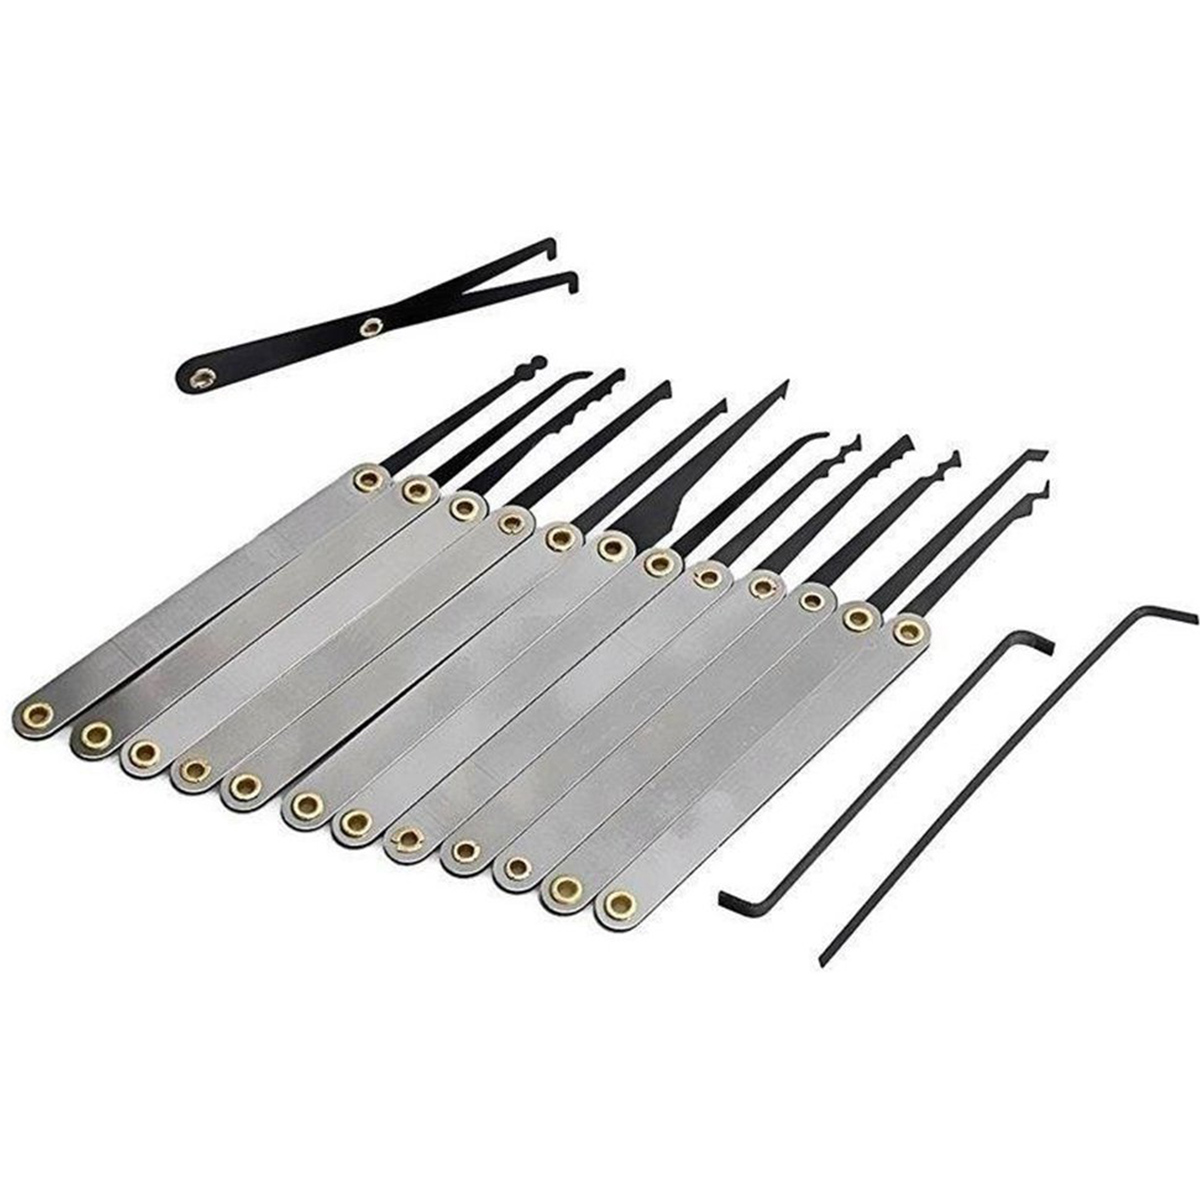 Find Padlock Pick Set For Locksmith Training 38/24/17/15/11/5pcs Lock Pick Practice Tools Hooks Set for Sale on Gipsybee.com with cryptocurrencies
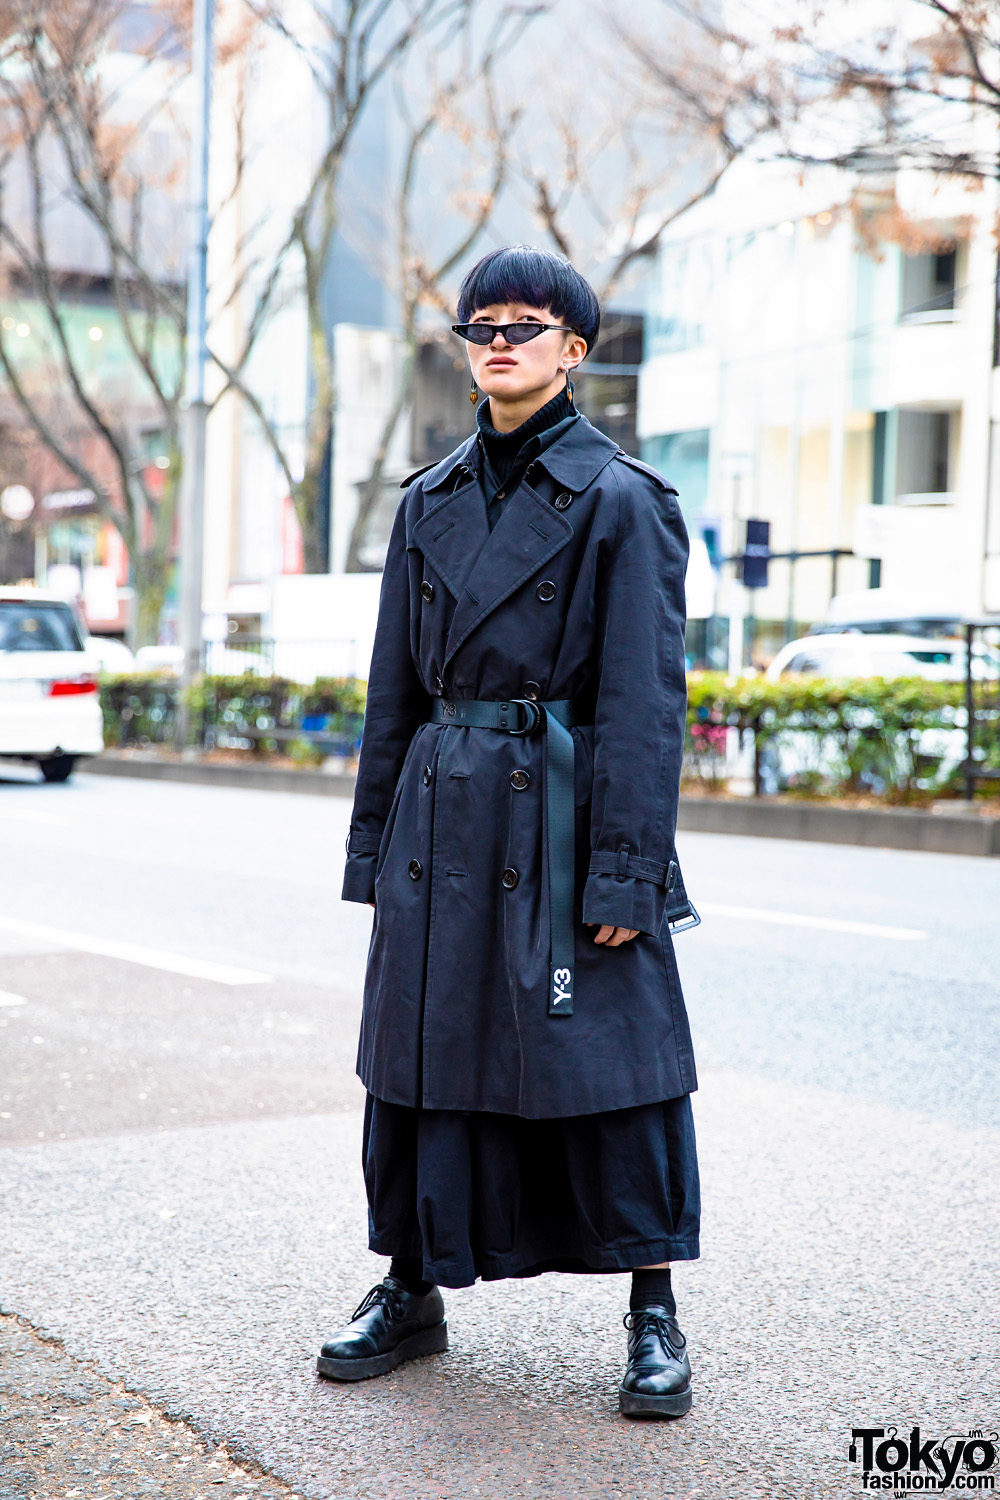 All Black Men's Winter Street Style w/ Burberry Trench Coat, Y-3, Notch  Wide Pants, Whoop-De-Doo Shoes & SAAD Pointy Glasses – Tokyo Fashion
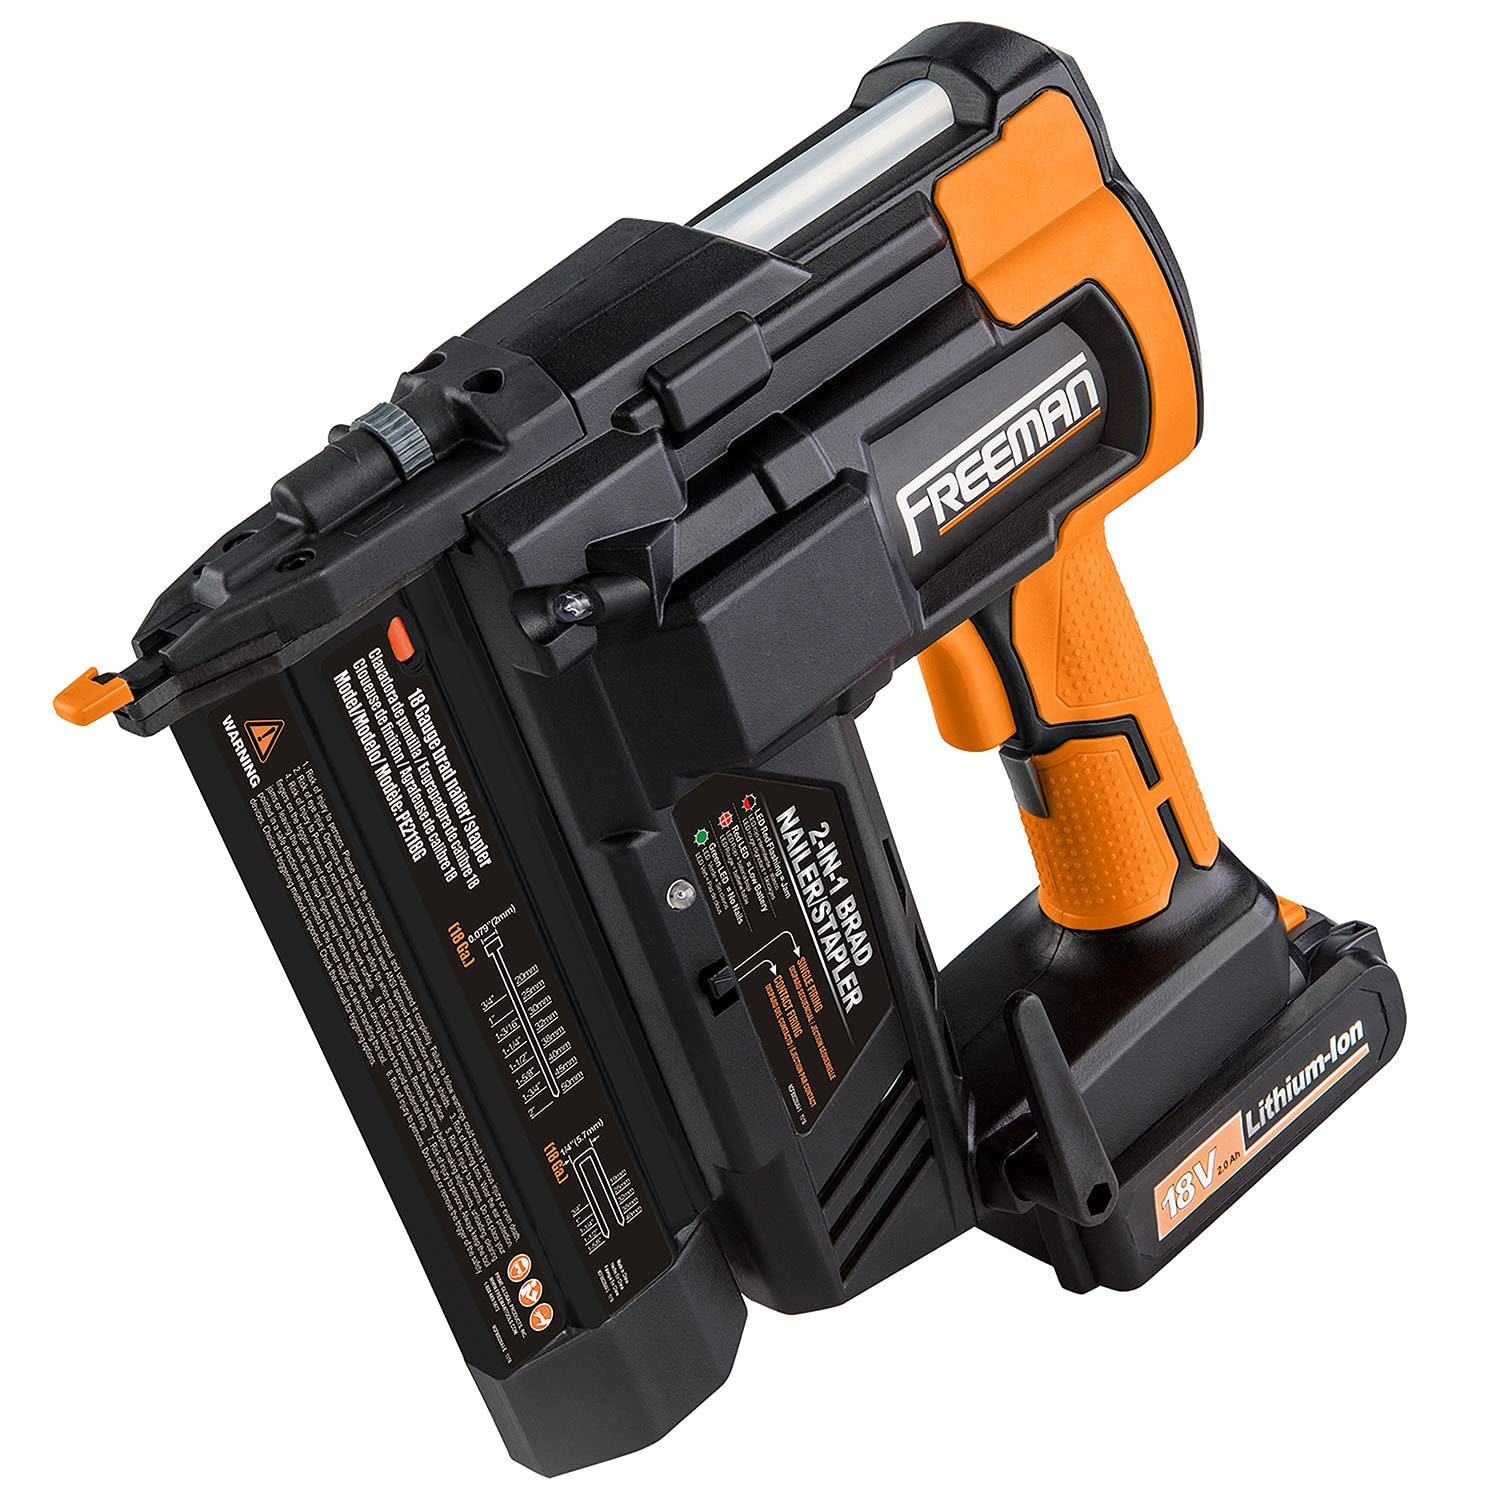 Freeman PE2118G 18 Volt Cordless 2-in-1 18-Gauge 2" Nailer / Stapler Kit with Lithium-Ion Batteries, Charger, Case, and Fasteners (1000 Count)

********

ABOUT THIS TASK: Pictures stay out; all other material above is restated word for word.

ANSWER TO THIS EXERCISE:
 Find Padlock Pick Set For Locksmith Training 38/24/17/15/11/5pcs Lock Pick Practice Tools Hooks Set for Sale on Gipsybee.com with cryptocurrencies
 All Black Men's Winter Street Style w/ Burberry Trench Coat, Y-3, Notch  Wide Pants, Whoop-De-Doo Shoes & SAAD Pointy Glasses – Tokyo Fashion
 Freeman PE2118G 18 Volt Cordless 2-in-1 18-Gauge 2" Nailer / Stapler Kit with Lithium-Ion Batteries, Charger, Case, and Fasteners (1000 Count)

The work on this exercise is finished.